Наедине их долго не оставляли: один за другим шли люди, и Трошин с каждым вступал в разговор. Это начинало сердить Верхорубова — он нервно играл пальцами по старому сукну на столе. Когда остались вдвоем, Верхорубов, перед тем как начать серьезный разговор, взялся протирать свои глаза душистым платочком. А Трошин схватил было телефонную трубку, хотел еще между делом позвонить в МТС, но гостю такое невнимание не понравилось. Повелительно одернул:
— Хватит, товарищ Трошин, говорильней заниматься.
— Слушаю вас, Иван Иваныч…
— Вчера состоялось заседание исполкома райсовета и отмечалось, что в районе с хлебозаготовками — из рук вон плохо. И особенно недопустимо отстаете вы, «Яровой колос». Вот перед нами, так сказать, вещественное доказательство: сводка из «Всходов коммуны». Всего тринадцать мест. Вы на девятом. Шестьдесят три процента. И это в такие дни, товарищ Трошин, когда целые республики рапортуют о выполнении своих обязательств. Не планов, а обязательств, обратите внимание. Так вот, мне поручено не уезжать из вашего колхоза, пока вы не завершите свой план по хлебу. Видите, до чего вы дожили, товарищ Трошин, без помощи председателя исполкома шагу не можете сделать.

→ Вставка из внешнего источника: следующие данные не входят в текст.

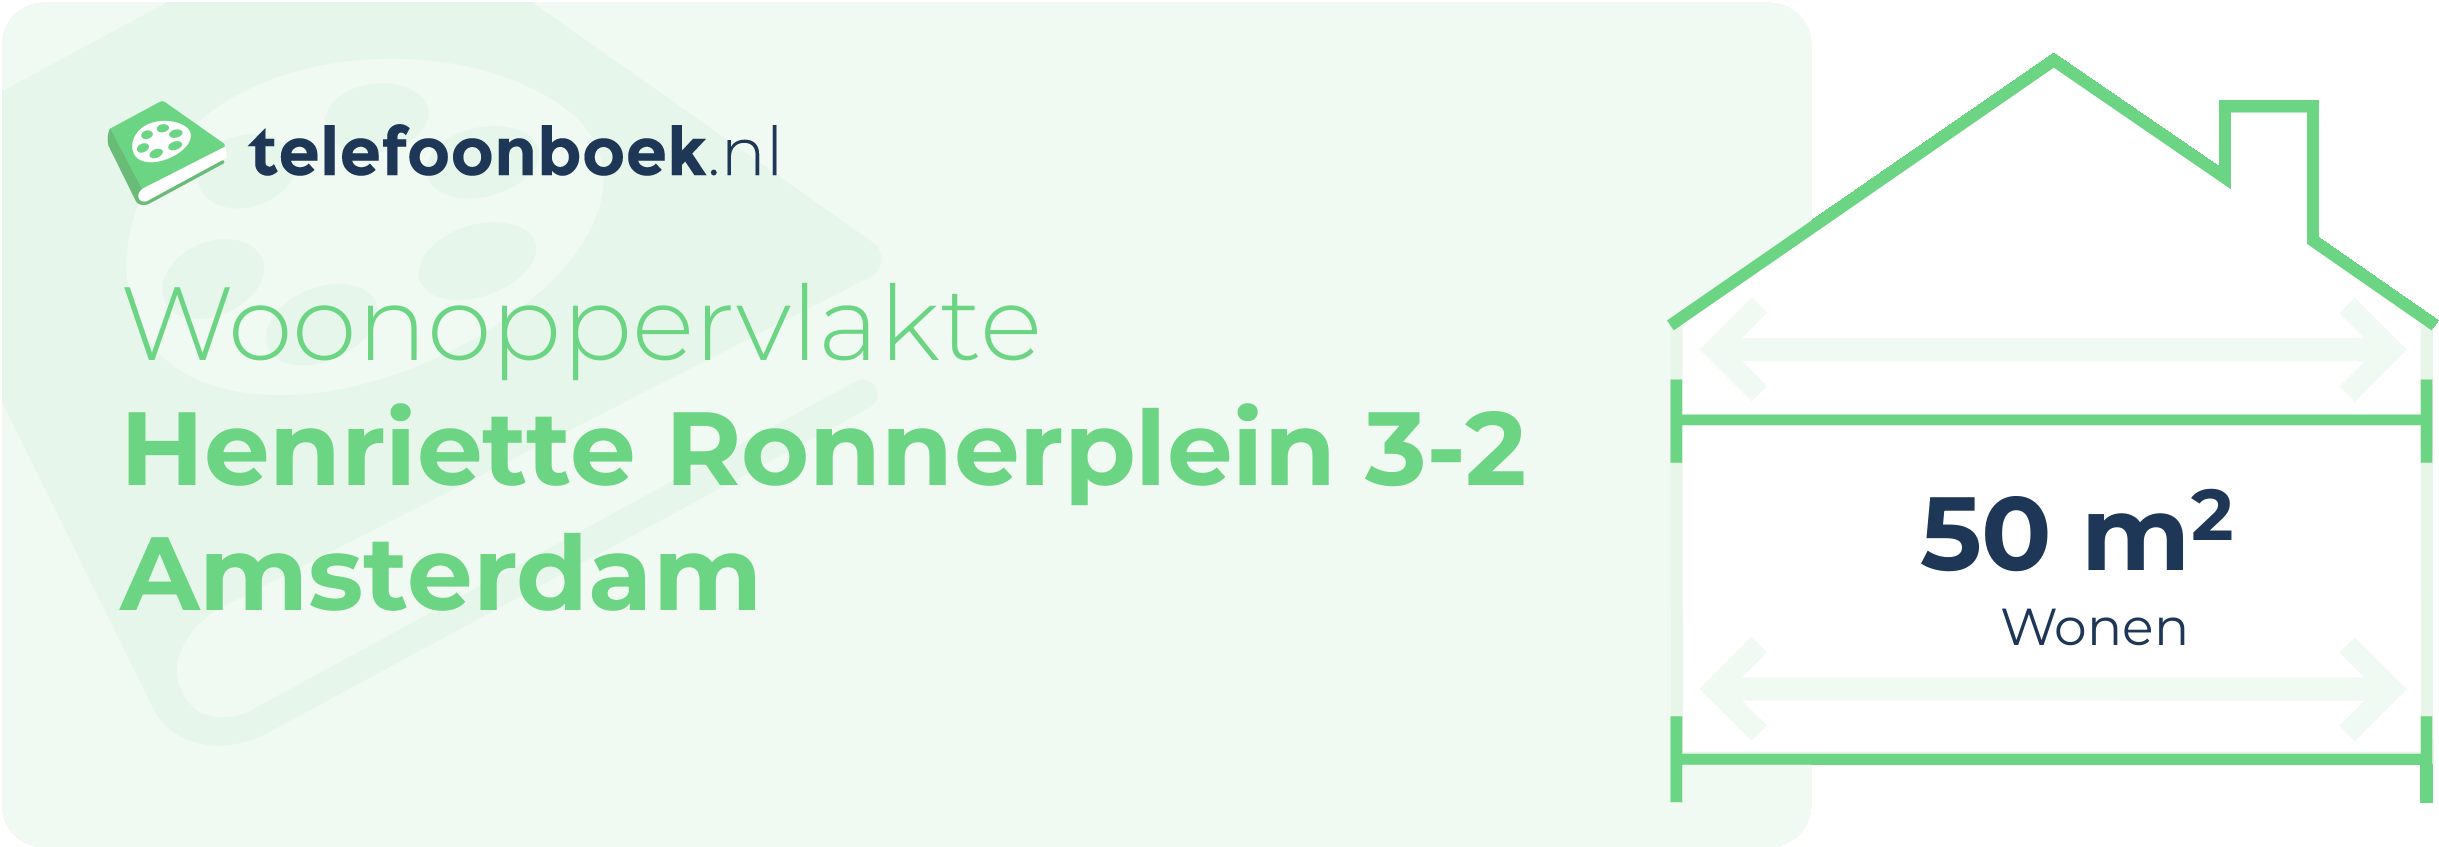 Woonoppervlakte Henriette Ronnerplein 3-2 Amsterdam

— Спасибо за помощь, Иван Иванович.
— Благодарить рано, товарищ Трошин. — Верхорубов зябко, шурша сухой кожей, потер руки и спросил: — Где, по-вашему, товарищ Трошин, сейчас в хозяйстве самое узкое место?
— Наверху, Иван Иванович.
— Где наверху? — не понял Верхорубов. — А-а-а. Ну, знаете, товарищ Трошин, такие шуточки совсем не к месту. Погода погодой. У нас, к сожалению, пока еще нет мастерских по ремонту погоды. Так что давайте дожди и все такое оставим в покое. Почему хлеб прекратили сдавать, я спрашиваю?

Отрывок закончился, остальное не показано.